While Calder confesses to having no immediate plans to restore the region’s finances, he believes that when churches are growing and preaching the gospel, they will attract new people. Eventually, then, churches in the Bathurst region will be able to begin paying their own way.
“We’ve 32 parishes; there’s only a few of those who have full-time ministers. Even in the last month, because of the COVID-19 situation, some of the ministers have had their days cut back … because parishes are struggling even more under the financial burden that’s been the result of COVID-19.
“But looking forward, healthy churches will mean clergy and staff workers will be able to be supported and … build up and grow churches again.
“This is why I need churches to be focused on the gospel, enlivened by the grace of Christ – and to have a heart and passion to see people come into a relationship with Christ.”
“There are people here in churches … longing for the gospel.” – Mark Calder
While it was a huge wrench to leave Queensland, where the Calder family had built a new house and left behind children and grandchildren, Calder says the move was made a little easier by the certainty this was what God wanted him to do.
He was unsure when he and his wife Susan first chatted with the diocese’s election board, but were encouraged by their enthusiasm for the gospel – and that they were committed to change.
“They were the ones themselves that said ‘if we don’t change, we die,’” explains Calder. “The change they wanted wasn’t just any change, it was gospel-shaped change, a getting back to the gospel of the Lord Jesus Christ.
“After a couple of days of reflection on that conversation, Susan and I just said to each other, ‘Well, we have to go because how can we say no to that?’”
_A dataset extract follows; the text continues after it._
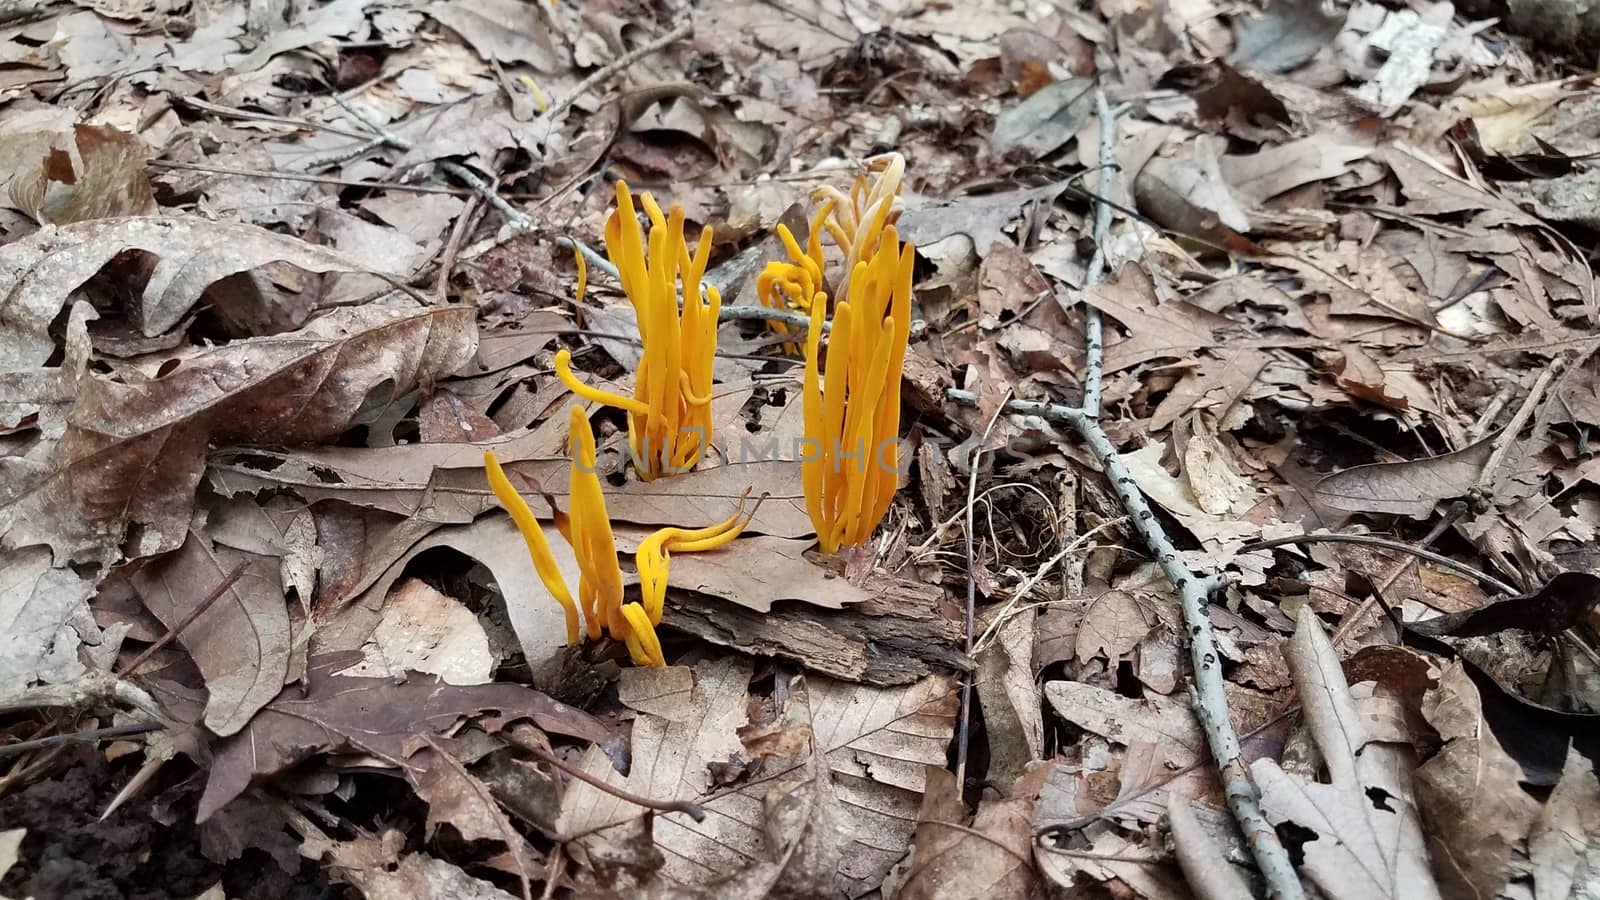 orange mushroom or fungus growing in brown leaves in forest or woods
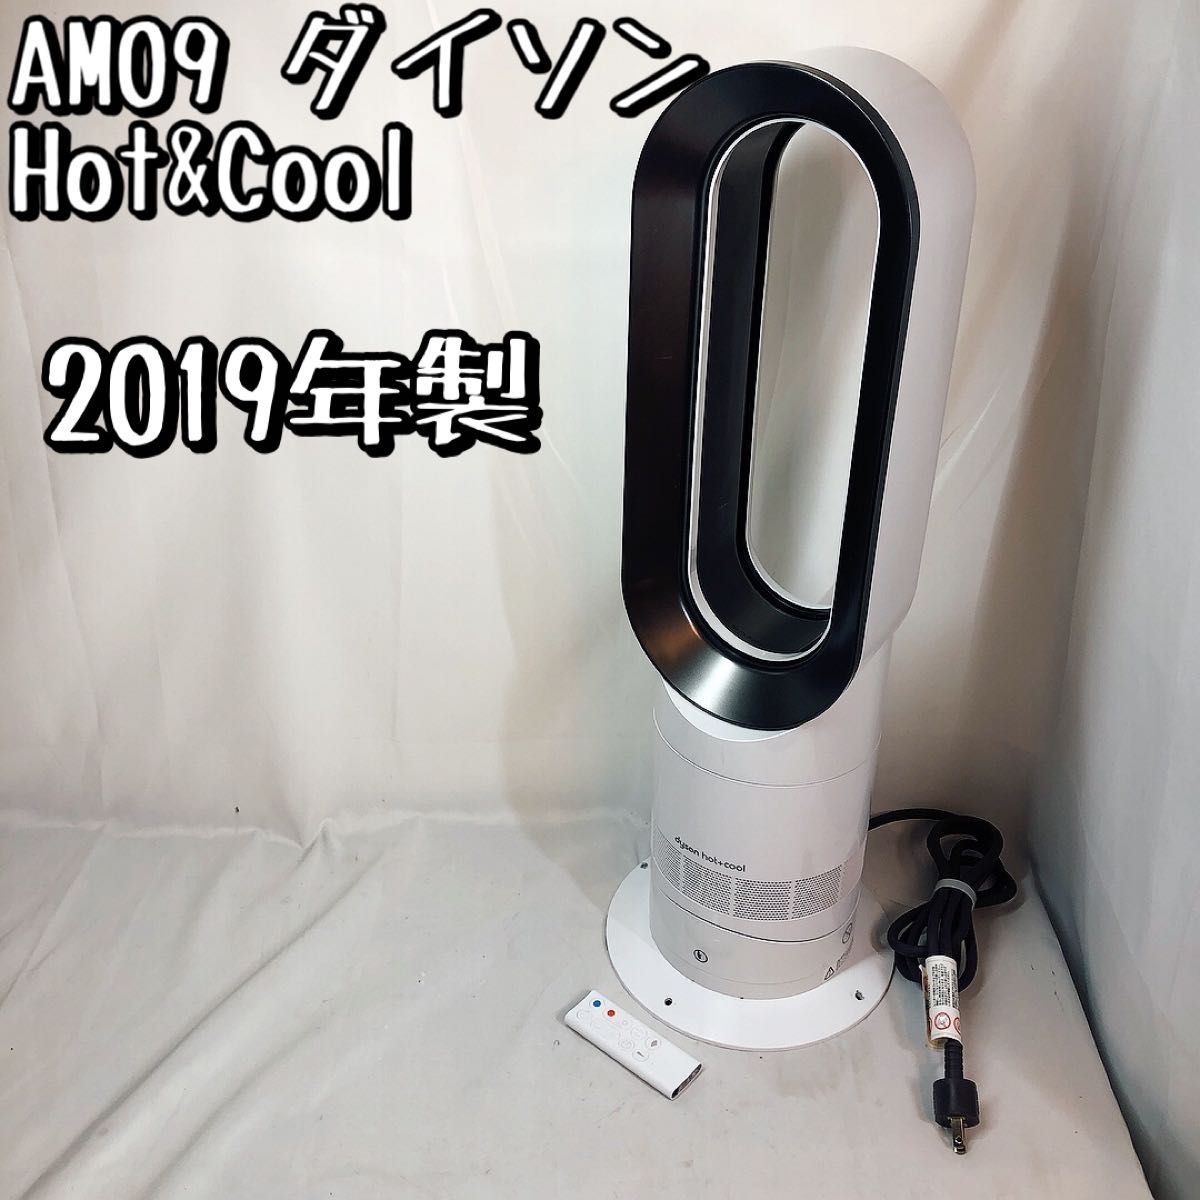 ダイソン dyson☆AM09 hot+cool☆リモコン付☆2019年☆白 - 空調

Calder finishes our interview by making a plea for more ministers to come and work in the Bathurst diocese – to see this vision come to fruition.
“We have five or six parishes without ministers, so I need people to consider coming out and working out here,” urges Calder. “There are many opportunities and many advantages to working out here in terms of life and lifestyle and beautiful countryside and wonderful people – so come out, bring your young family … you won’t regret it.
“There are people here in churches longing for good leadership, biblical teaching, longing for the gospel.”